From the entries, return every line where the string "Henkel" shows up.

• **SUPPLIED MATERIAL**:

>>

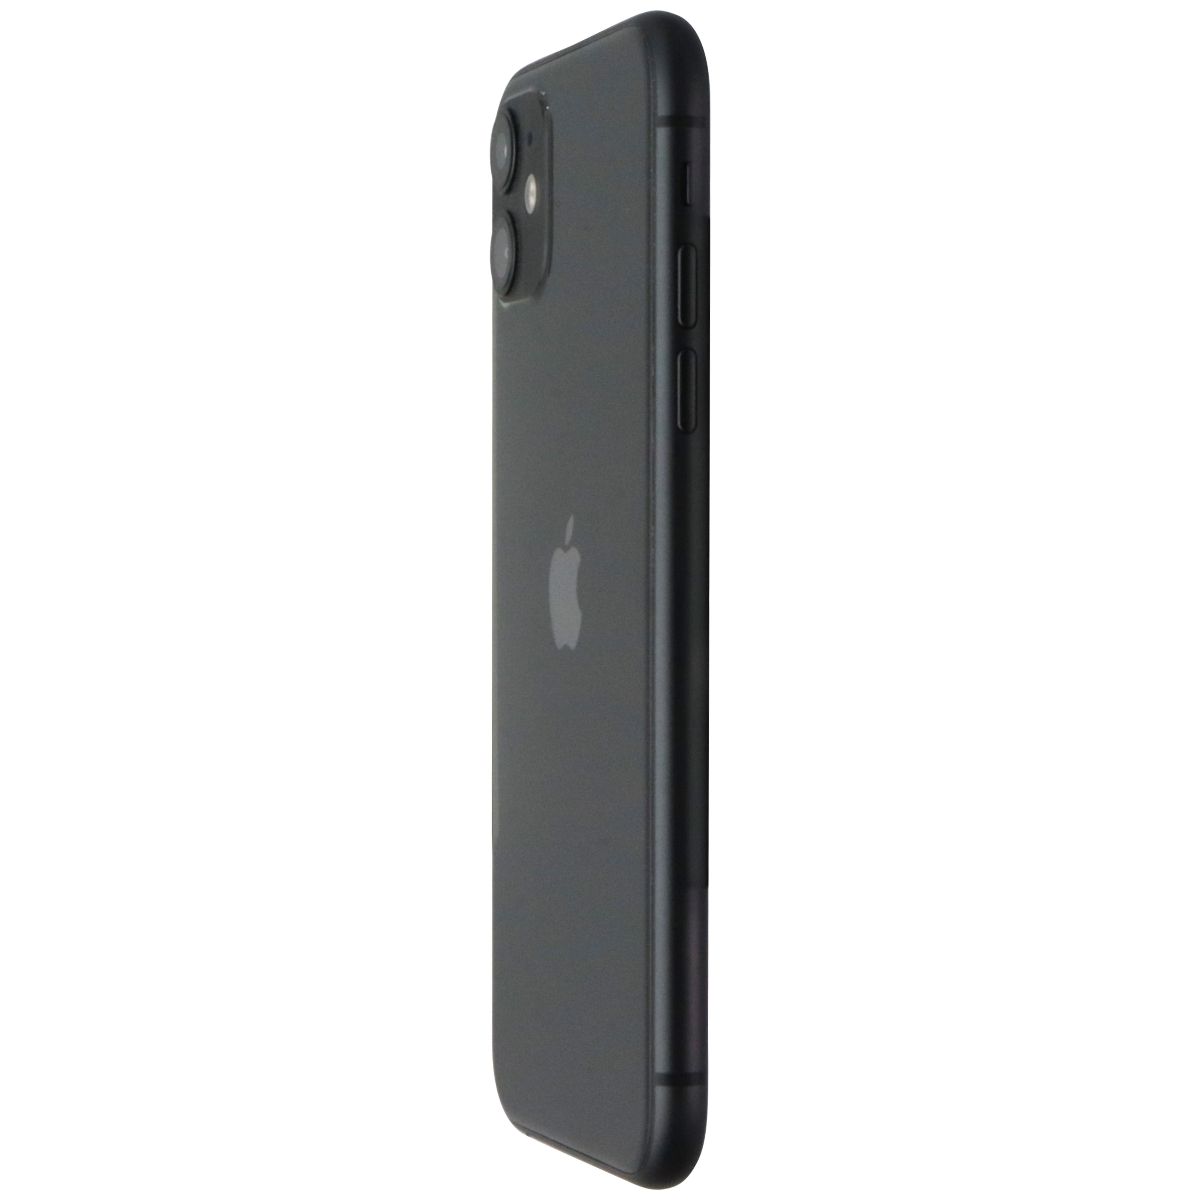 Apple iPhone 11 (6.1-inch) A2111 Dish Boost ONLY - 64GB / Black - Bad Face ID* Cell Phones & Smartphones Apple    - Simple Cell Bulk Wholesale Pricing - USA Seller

<<
>>

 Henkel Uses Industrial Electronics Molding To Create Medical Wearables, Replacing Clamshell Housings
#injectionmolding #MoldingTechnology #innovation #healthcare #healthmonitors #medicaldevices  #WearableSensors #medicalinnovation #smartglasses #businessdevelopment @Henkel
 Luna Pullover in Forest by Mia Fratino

<<

• **PROBLEM SOLUTION**:
 Henkel Uses Industrial Electronics Molding To Create Medical Wearables, Replacing Clamshell Housings
#injectionmolding #MoldingTechnology #innovation #healthcare #healthmonitors #medicaldevices  #WearableSensors #medicalinnovation #smartglasses #businessdevelopment @Henkel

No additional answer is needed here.